I have a data frame with 5 million different company names, many of them refer to the same company spelled in different ways or with misspellings. I use a company name "Amminex" as an example here and then try to stringdist it to the 5 million company names:
Companylist <- data.frame(Companies=c('AMMINEX'))
This is my big list of company names that I open:
Biglist <- data.frame(name=c(Biglist[,]))
I put AMMINEX and the 5 million companies in one matrix:
Matches <- expand.grid(Companylist$Companies,Biglist$name.Companiesnames)
Change the column names:
names(Matches) <- c("Companies","CompaniesList")
I use the stringdist with the method cosine:
Matches$dist <- stringdist(Matches$Companies,Matches$CompaniesList, method="cosine")

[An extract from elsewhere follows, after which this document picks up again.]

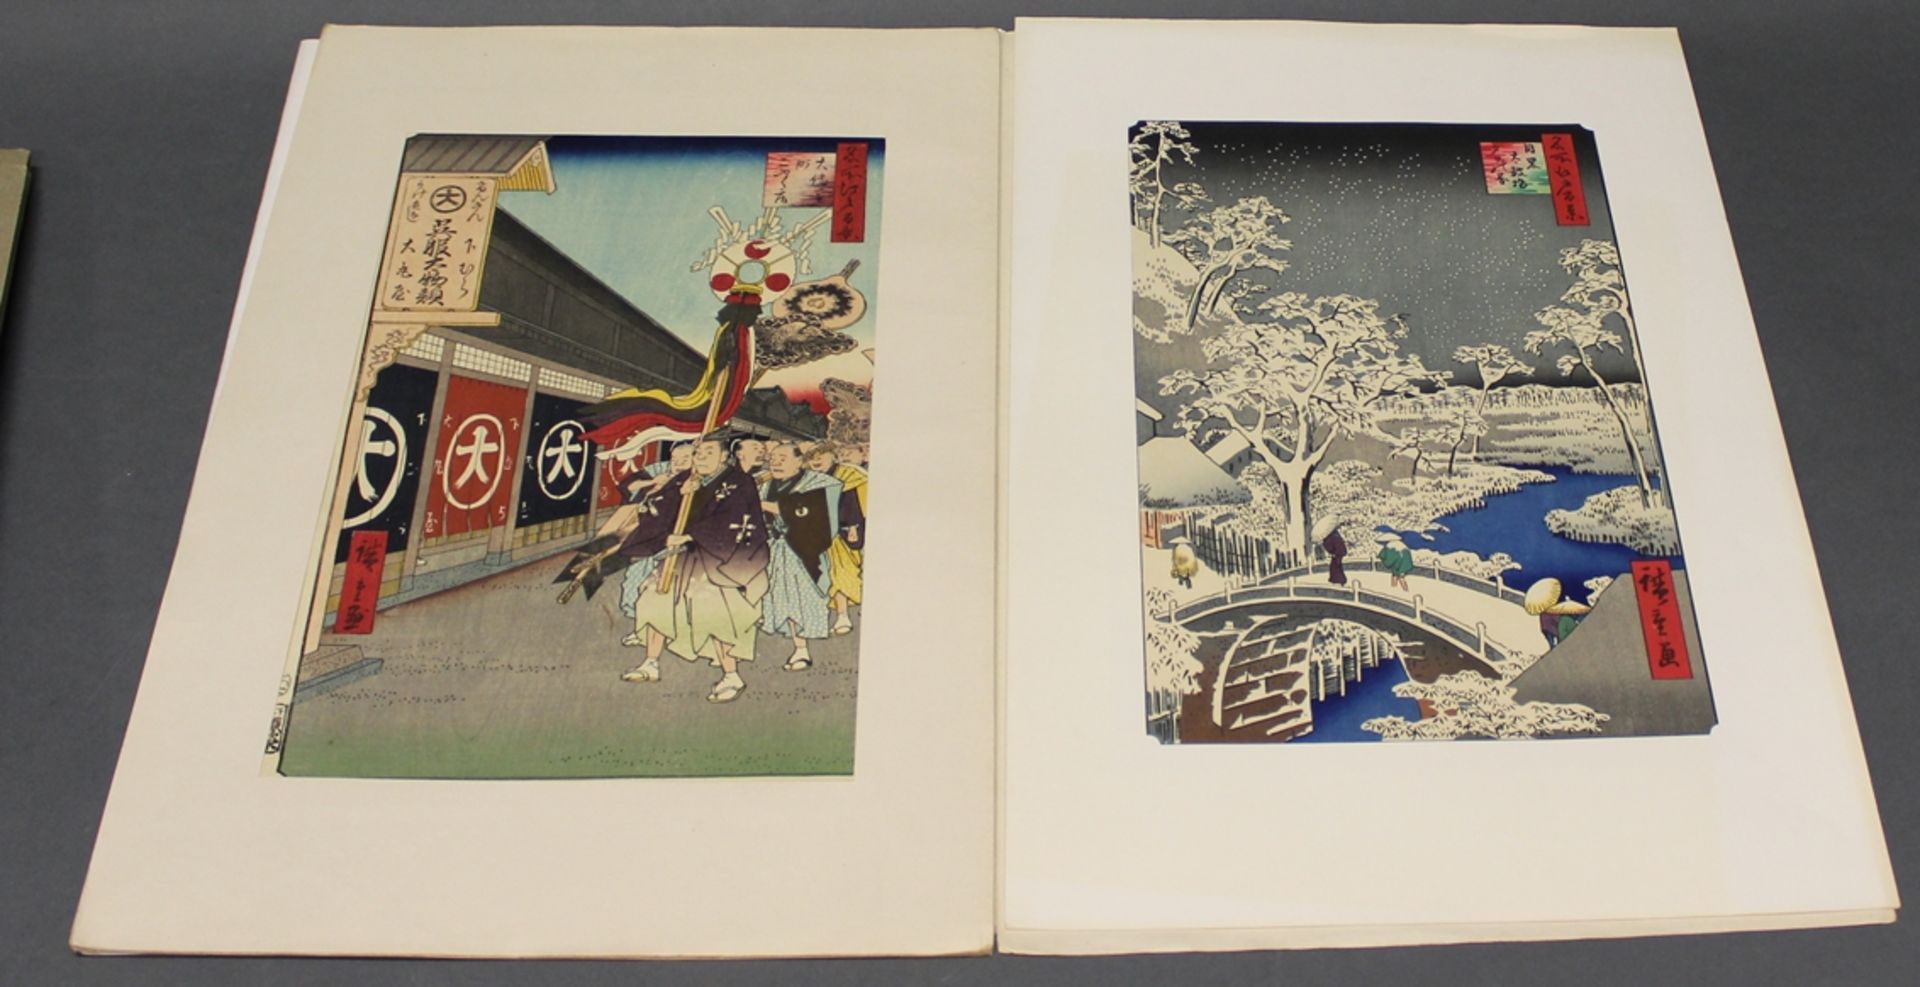 Konvolut, 3 Farbholzschnitte (Nachschnitte), Japan, 20. Jh., diverse Motive, Utagawa, Hiroshige

I remove all distances that are above 0.2 to get rid of bad matches:
Matches_trimmed <- Matches[!(Matches$dist>0.2),]
I sort by the distance column so best matches appear on the top:
Matches_trimmed <- Matches_trimmed[with(Matches_trimmed, order(dist)), ]
As you can see here, the results are not very satisfactory:
The first row is good, but then a bunch of bad matches appear before finally at the bottom I get the matches "AMMINEX AS" which are good.
This doesn't really work out for me. Is there any way I can improve this fuzzy matching or maybe use a different method for better results? Maybe a method that will look the order in which the letters appear in the strings?